Soft lockup when running bonnie++ only at 1600 mt/s

Bug #1239800 reported by Pradeep
16
This bug affects 1 person
Affects Status Importance Assigned to Milestone
linux (Ubuntu)
Fix Released
Medium
Unassigned

Bug Description

SRU Justification:

Impact: running a test like bonnie++ makes the system instable and prone to hangs.

Fix: apply the attached patches and recompile a kernel.

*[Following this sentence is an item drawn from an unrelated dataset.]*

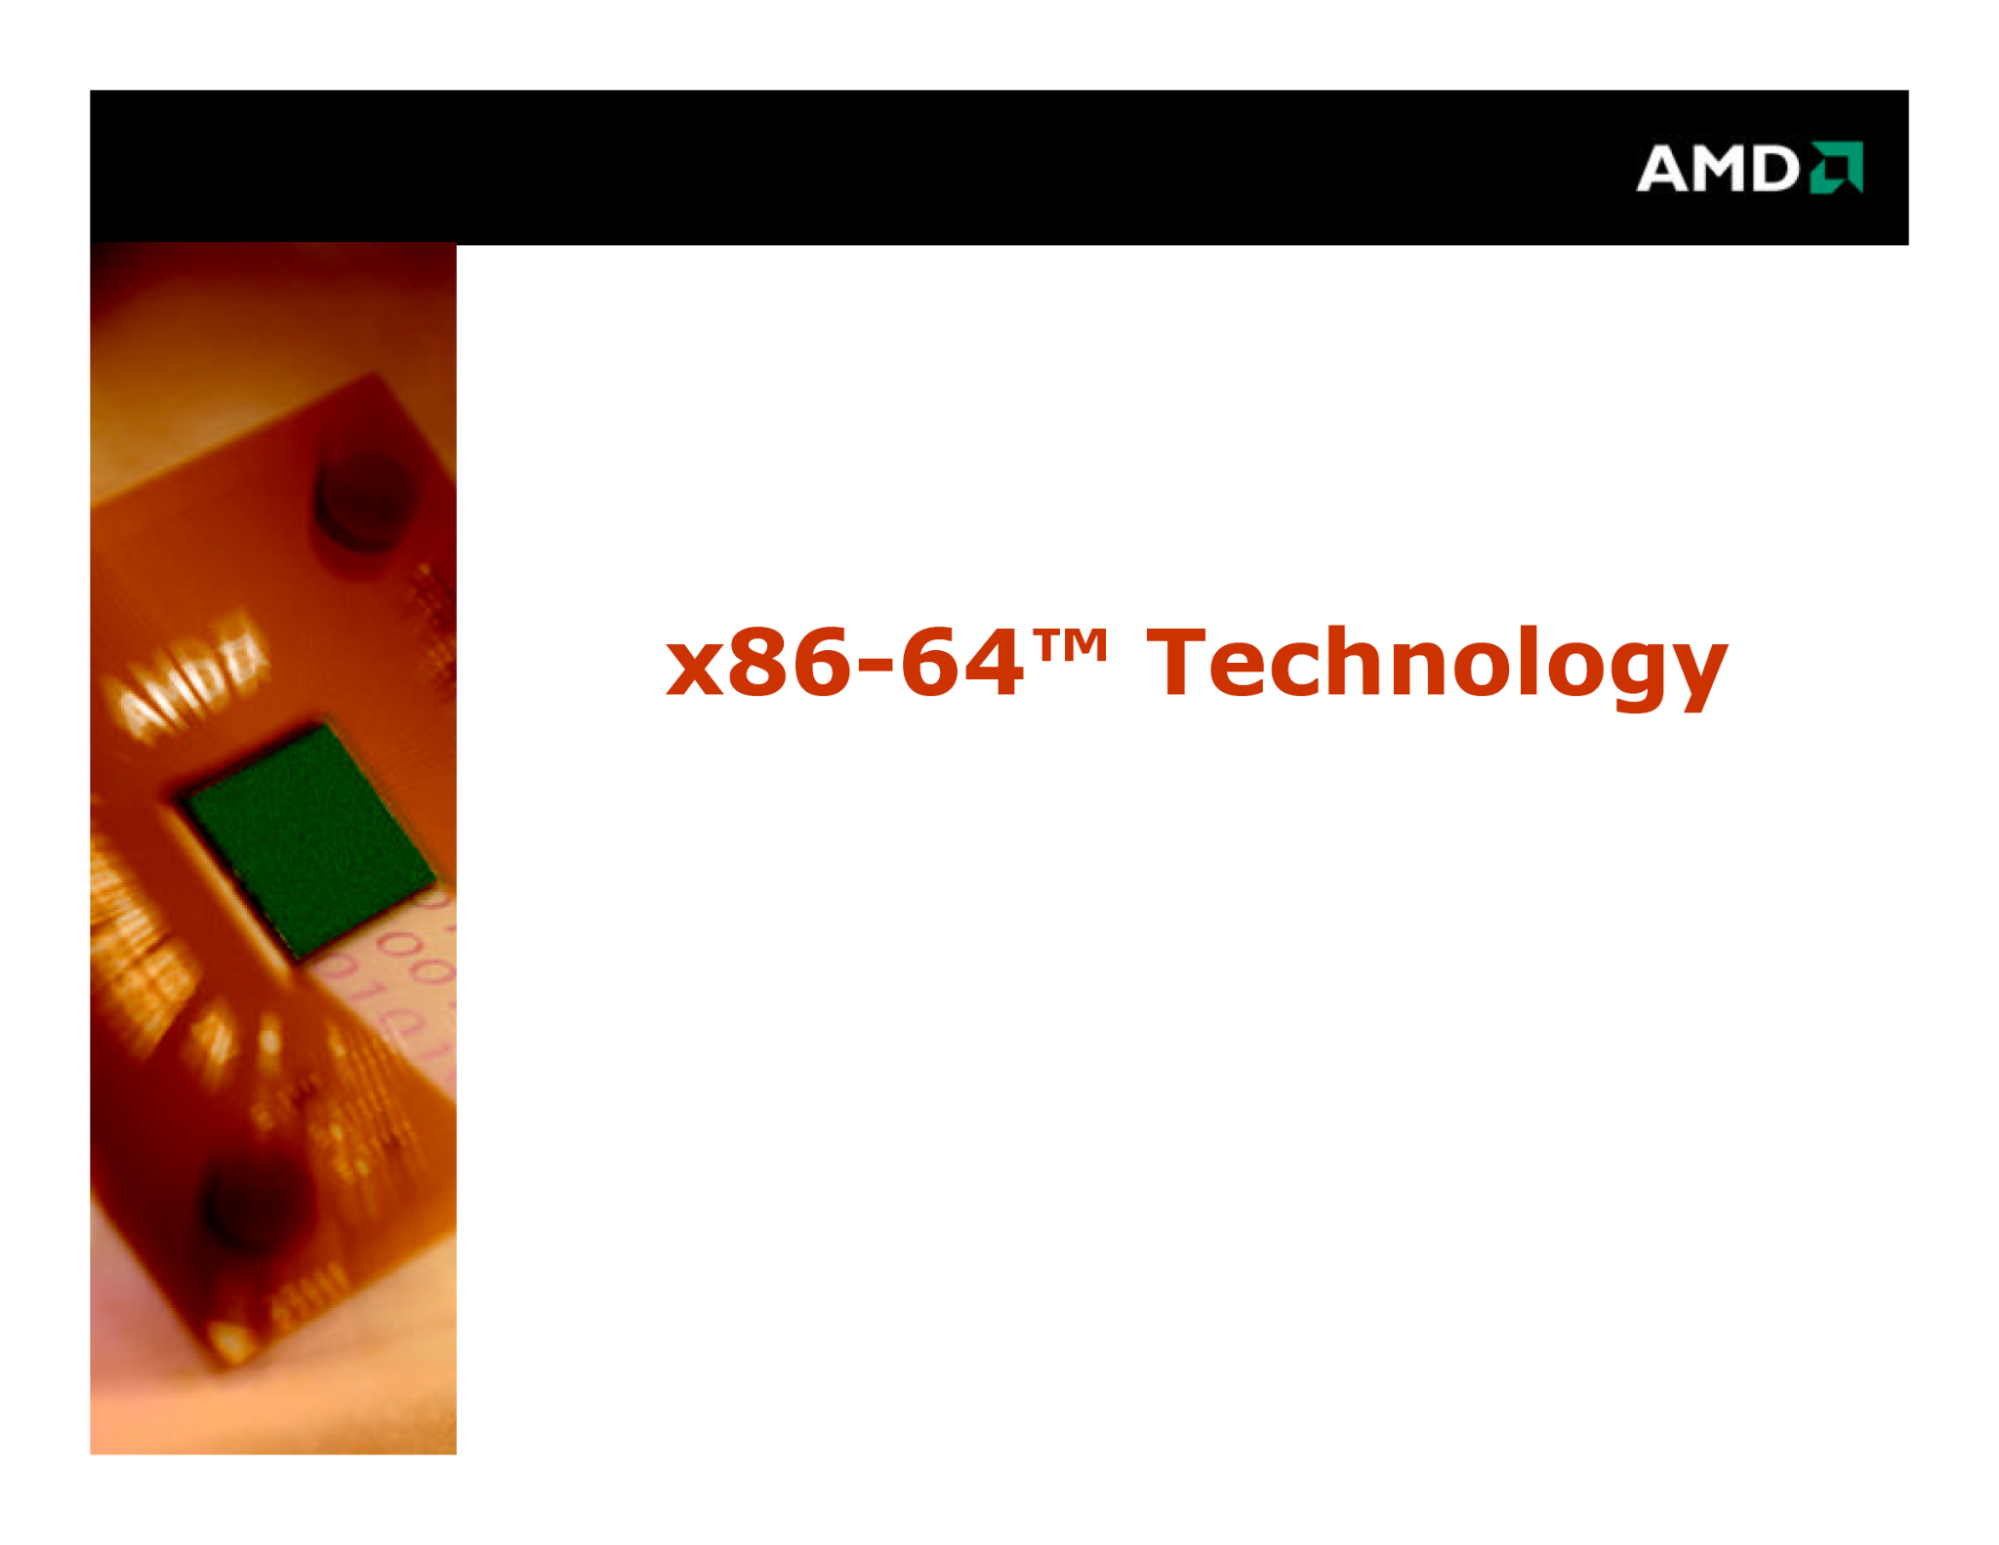 照片中提到了AMDA、x86-64™ Technology、AHDE，跟Advanced Micro Devices公司、新德里管理學院有關，包含了AMD公司、顯示卡、中央處理器、速龍

Test case: leave bonnie running in a loop for 24hrs.

--

When bonnie++ was run in a loop, the system exhibits a hang behavior with
"rcu_sched: self-detected stall on CPU"
The time to error can be inconsistent. One time it took 7 hours and the next time more than 2 days.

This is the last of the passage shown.